Inference API logging: Log all inference requests and responses that process personal or confidential data. Define retention periods and access controls for inference logs separately from application logs.
Data lineage documentation: For models trained on customer data or third-party datasets, document data provenance, licensing terms, and any data deletion/correction obligations.
Model performance monitoring: Deploy drift detection and anomaly monitoring on production models. Undetected model degradation is a Processing Integrity risk under PI1 TSC.
Third-party AI service inventory: If you use OpenAI, Anthropic, Google Vertex, or AWS Bedrock in production, include these as subservice organizations in your SOC 2 system description. The carve-out vs. inclusive method question applies.

Finding an auditor with AI/ML experience

The key interview question is: 'How have you scoped the system description for a client with a machine learning training pipeline? What control evidence did you request for model deployment?' If the auditor gives a generic answer about change management without referencing ML-specific artifacts, they haven't done it before.

Auditors who have published public guidance on AI controls or served AI-native clients include Schellman (has published AI security assessment frameworks), A-LIGN, and Prescient Assurance. When evaluating boutique firms, ask for a reference from an AI or ML company they've audited — not just a SaaS client. The underlying technical knowledge needs to be in the engagement team, not just the firm brand.

The system description is the hardest part

For AI companies, the SOC 2 system description — Section 3 of the report — requires more care than for a standard SaaS product. The system boundary must include the training pipeline, model serving infrastructure, and any third-party AI APIs in scope. If your system description omits the training pipeline, your report has a gap that sophisticated buyers will identify. Work with your auditor to draft the system description before fieldwork begins, not after.

What enterprise buyers ask AI companies specifically

Enterprise security teams reviewing AI vendors' SOC 2 reports are beginning to ask questions that go beyond the standard vendor risk questionnaire. Being prepared for these is part of running an AI-aware SOC 2 program.

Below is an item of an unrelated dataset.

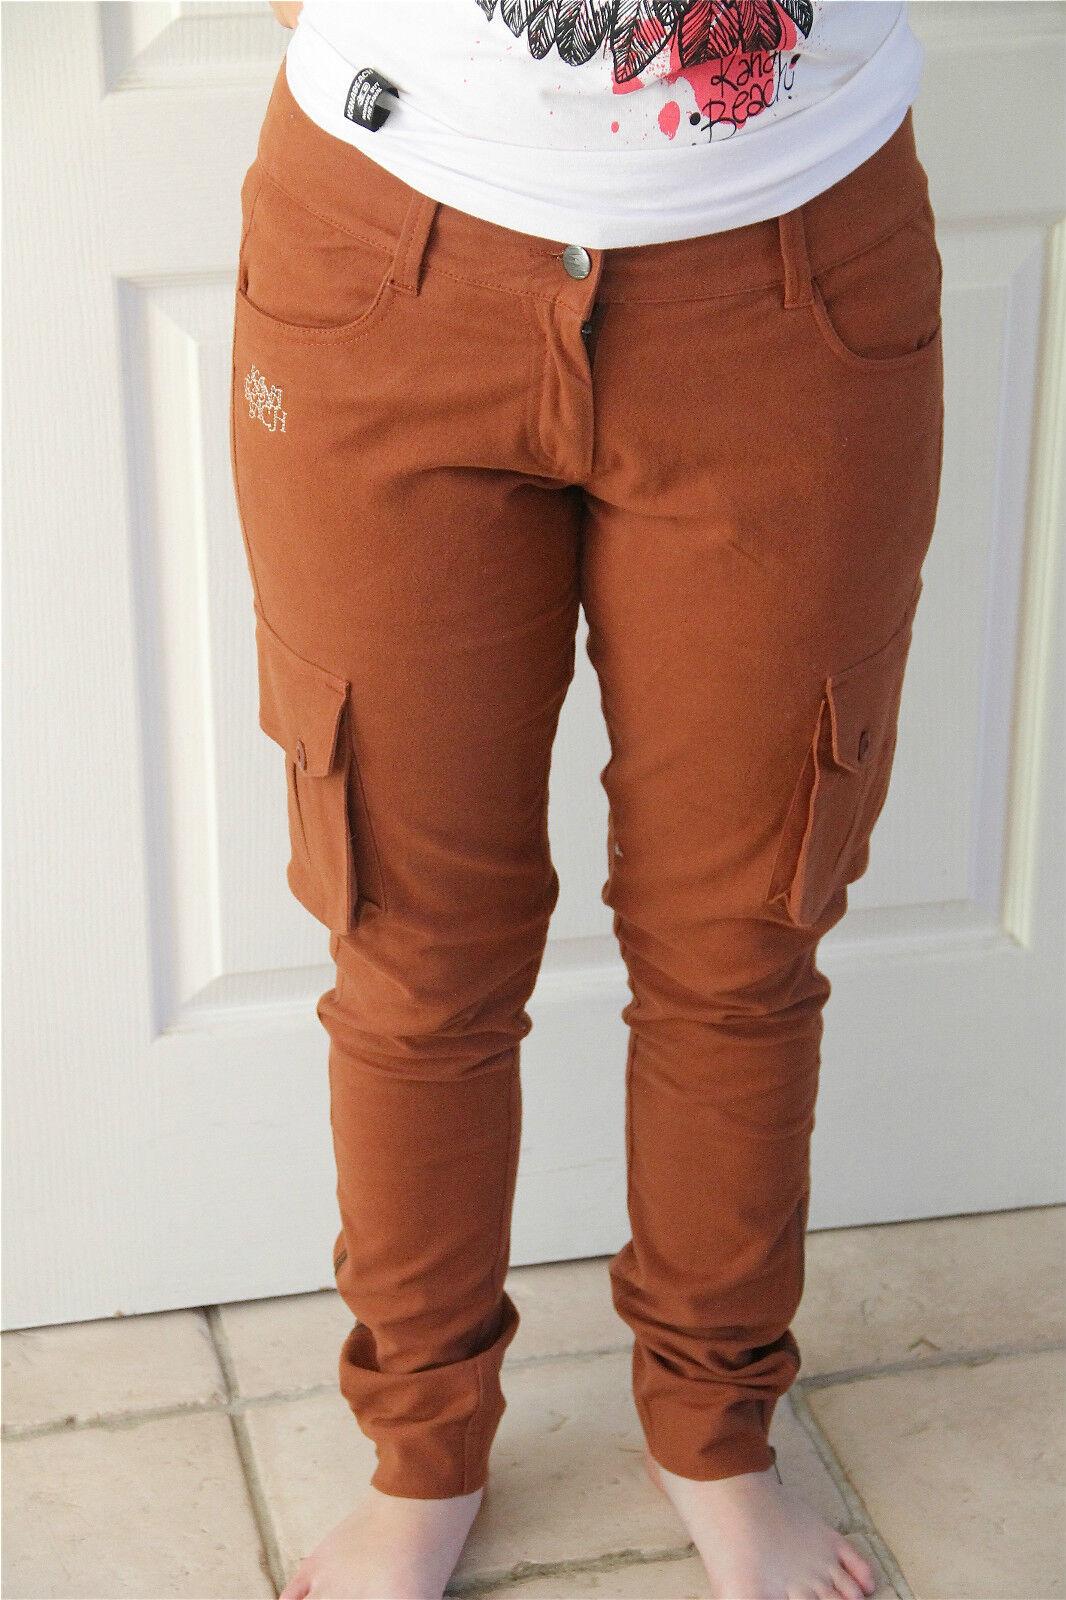 Pantalones sentido KANABEACH crunch T 38 NUEVO CON ETIQUETA valor

'Is customer data used to train your models?' — This is a data use question, not strictly a security question, but it belongs in your system description and your data processing agreement. If the answer is no, document the technical controls (model serving without training data feedback loops) that enforce this. If the answer is yes, describe the consent mechanism and data segregation.
'Do your models process customer PII?' — Inference systems that process names, email addresses, financial data, or medical information have different logging and data minimization obligations than models processing aggregated or anonymized inputs. Your SOC 2 system description should reflect this boundary.
'What is your model rollback procedure if a model behaves unexpectedly in production?' — This maps to CC8.1 (change management) and CC7.3 (response to identified anomalies). Your model registry should have a documented rollback process with a defined time objective.
'Have you had any AI-specific security incidents (prompt injection, model exfiltration, training data poisoning)?' — Your incident log should be reviewed for AI-specific events before fieldwork. Document your detection and response capability for these vectors explicitly.